Entanglement entropy of Bell Diagonal States returns always one

Question

I've been trying to compute the entanglement entropy for Bell Diagonal states. I tried many implementations in python and all of them gave me that all possible states have this entropy equal to 1.

This is completely wrong, because the only entangled states should be the points of the tetrahedron formed by the Bell Diagonal states, as it is shown in Figure 7 of this article.

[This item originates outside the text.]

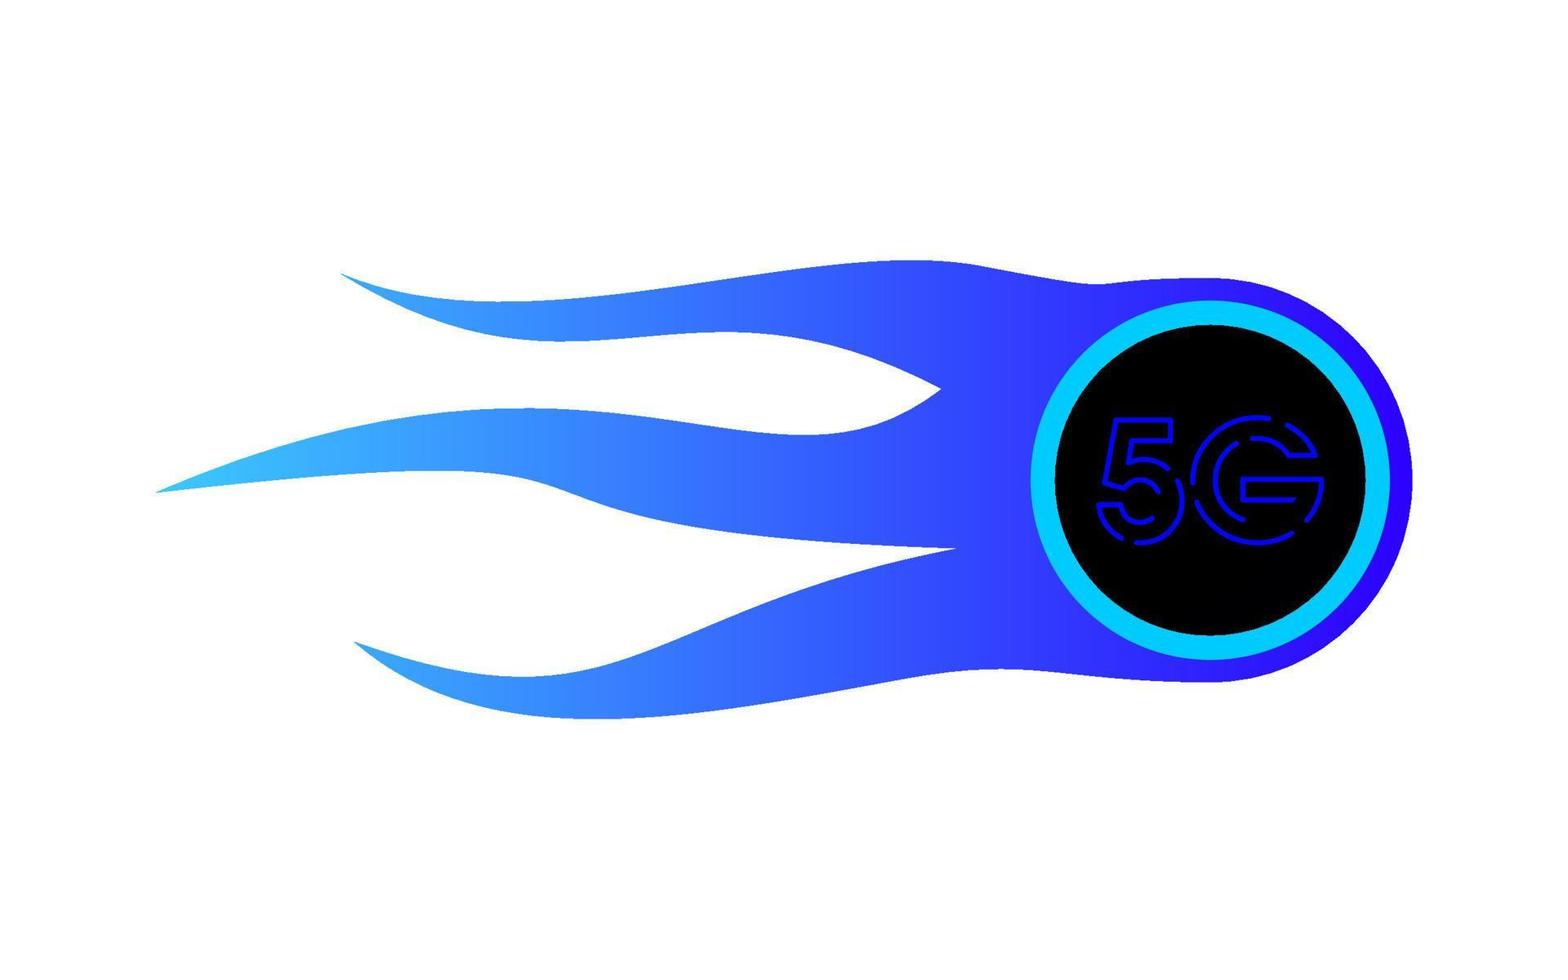 connexion réseau 5g super rapide, concept de logo boule de feu. vecteur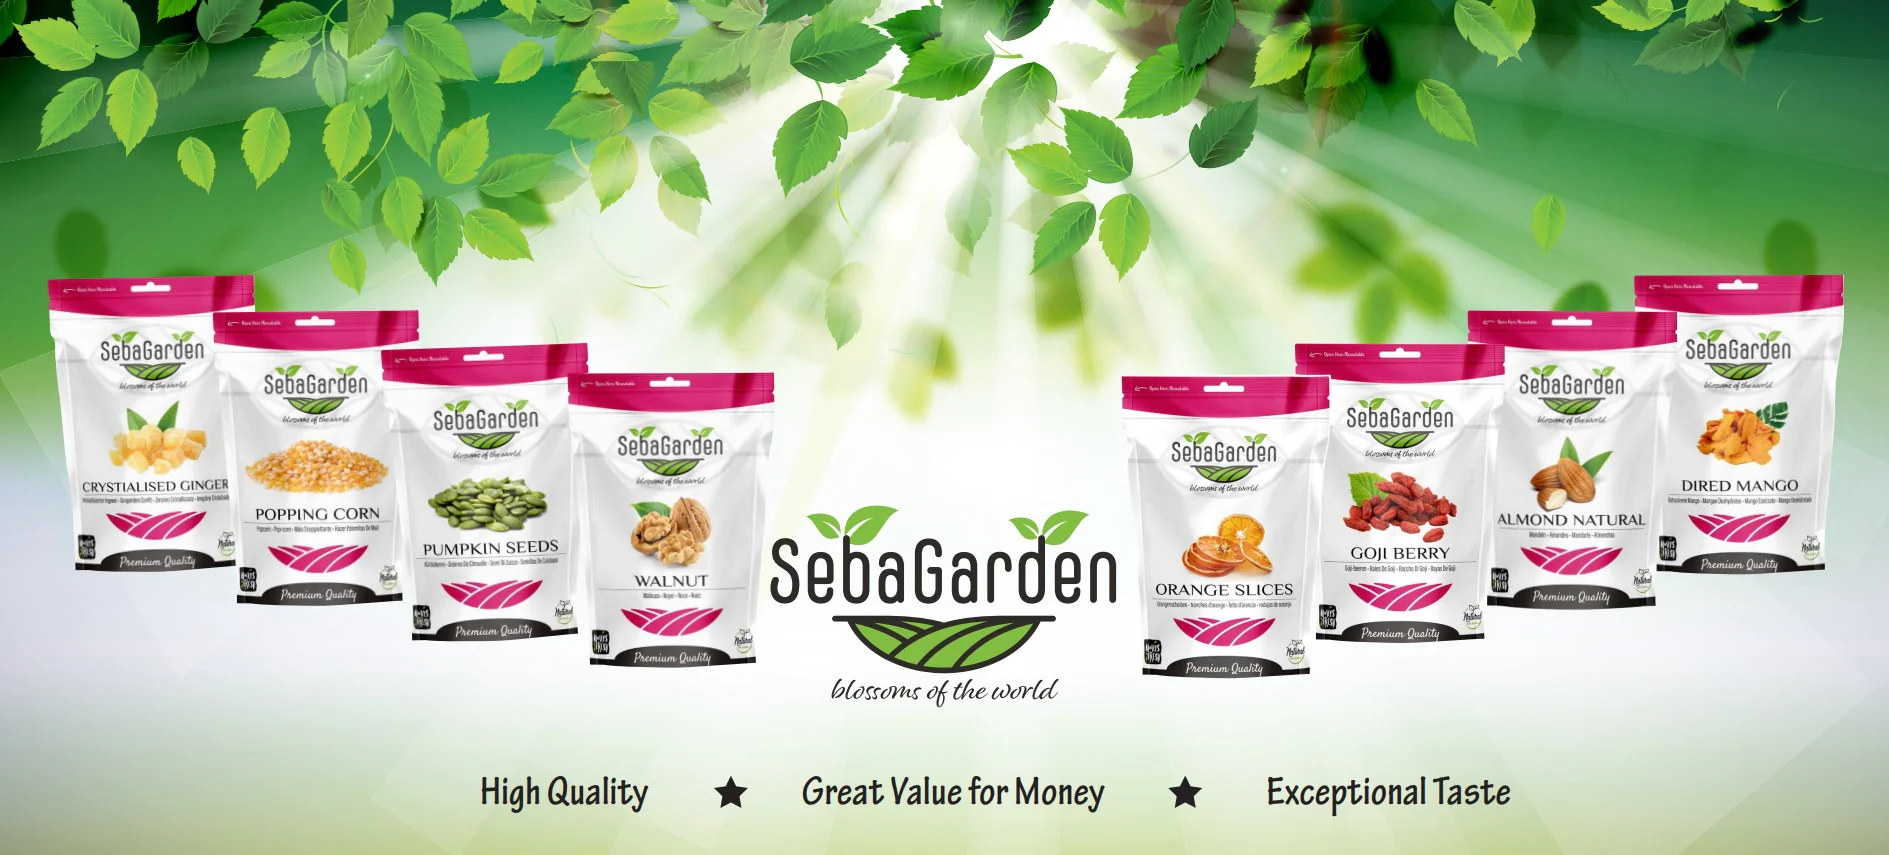 Seba Garden Products

I have no idea of what I'm doing wrong.

This is my code:

import numpy as np
import qutip as q


def tetrahedron(a1, a2, a3):

    is_bellD_state = False

    plano1 = a1 - a2 + a3
    plano2 = a1 + a2 - a3
    plano3 = a1 - a2 - a3
    plano4 = a1 + a2 + a3
    
    if plano1 >= -1 and plano2  >= -1 and plano3 <= 1 and plano4 <= 1:
        is_bellD_state = True

    return is_bellD_state


def Bell_Diagonal_Density_Matrix(e):

    bell_density_matrices = []

    for b in ['00', '01', '10', '11']:
        bell_density_matrices.append( q.bell_state(b) * q.bell_state(b).dag() )
    
    rho = q.Qobj(np.zeros((4,4)), dims=[[2,2],[2,2]])

    for i in range(4):
        rho = rho + e[i]*bell_density_matrices[i]
    
    return rho


def Entanglement_Entropy(rho_A):

    eigvals = np.linalg.eigvalsh(rho_A)
    eigvals = eigvals[eigvals > 0]

    S = 0

    for v in eigvals:
        S = S - v*np.log(v)/np.log(2)

    return S



## MAIN ##

a = np.arange(-1, 1, 0.1)
for a1 in a:
    for a2 in a:
        for a3 in a:

            if tetrahedron(a1, a2, a3):
            
                M = [[1,1,-1,1], [1,1,1,-1], [1,-1,1,1], [1,-1,-1,-1]]
            
                e = np.dot(M, [1, a1, a2, a3])/4
            
                if np.isclose(sum(e), 1):
                
                    rho = Bell_Diagonal_Density_Matrix(e)
                
                    rho_A = rho.ptrace(0)
                
                    S = Entanglement_Entropy(rho_A)
                    print(S)

I decided to use qutip because I thought I was computing the partial trace wrong, but I'm also not sure if I'm using qutip correctly.